By Maureen C. Petrosky
Oh, you groundhog! Yes, PA’s famed Punxsutawny Phil says six more weeks of winter. While many of you are groaning through another grey day, I’ve decided to grab some wine--red of course--and get back into the kitchen. You see there is so much more to wine than just drinking it. That’s why last night I poured my heart into a pot of Coq au Vin.
Cooking with wine can be just as sensual as sipping it. Yet, the aromas that filled my home from this simple one-pot French fare are those I only associate with winter. You don’t get to spoil yourself with beef stew in summertime, and it’s unusual you’d be slurping butternut squash soup in spring. Both of the aforementioned winter wonders are made only richer and more comforting with addition of wine. Wine is fabulous for deglazing a pan and keeping all the deliciousness of the fond (a chef’s word for the yummy brown parts that stick to the bottom) intact. Also when speaking soup, adding a ¼ cup of wine after you sweat your onions or mirepoix adds depth to the flavor and a richness you just can’t find in other liquids. While you’re used to sipping it, next time the chill is getting to you try stirring it too.

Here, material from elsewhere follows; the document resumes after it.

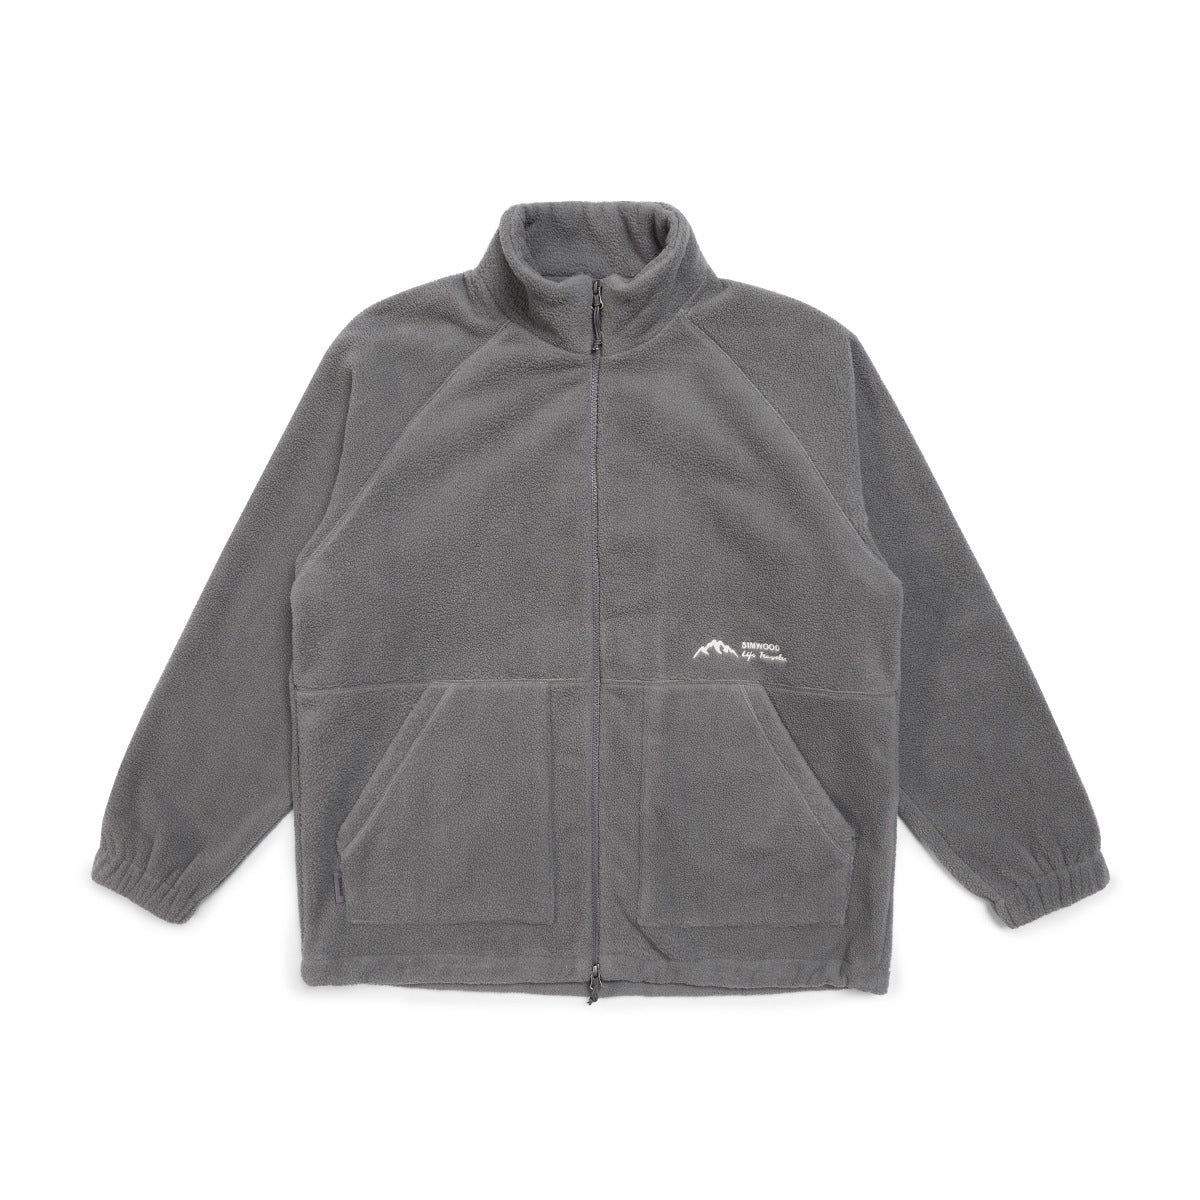 The Simwood Fleece Jacket

Maybe you’re gearing up for Super Bowl weekend, but it’s easy to ready yourself for something simply divine like coq au vin (a.k.a. chicken and wine). Now grocery stores, like the glorious Wegman’s, make it uber easy to pick up your wine without a second trip to a specialty store. Great bargain buys end the aisles like exclamation points, offering you a chance to add a new ingredient to your typical repertoire. Maybe not on game night but one night soon, indulge in seasonal cooking. Comfort foods like Coq au Vin don’t require a culinary whiz; in fact, most one-pot wonders are suitable for even the kitchen rookie. For under $10 you can find yummy, belly warming red wines to sip and stir into your next dish. So instead of whining over the cold, enjoy the chance to warm up in the kitchen.
My Wine Find-
Vina Zaco, Tempranillo, 2006, Rioja, $9.99- A bottle for the coq au vin and a bottle to drink alongside are equally enjoyed. While Coq au Vin usually calls for Burgundy, this robust, fruity red did the trick and saved me some money. It’s true, you should only cook with what you would drink, just try to save some for the cooking!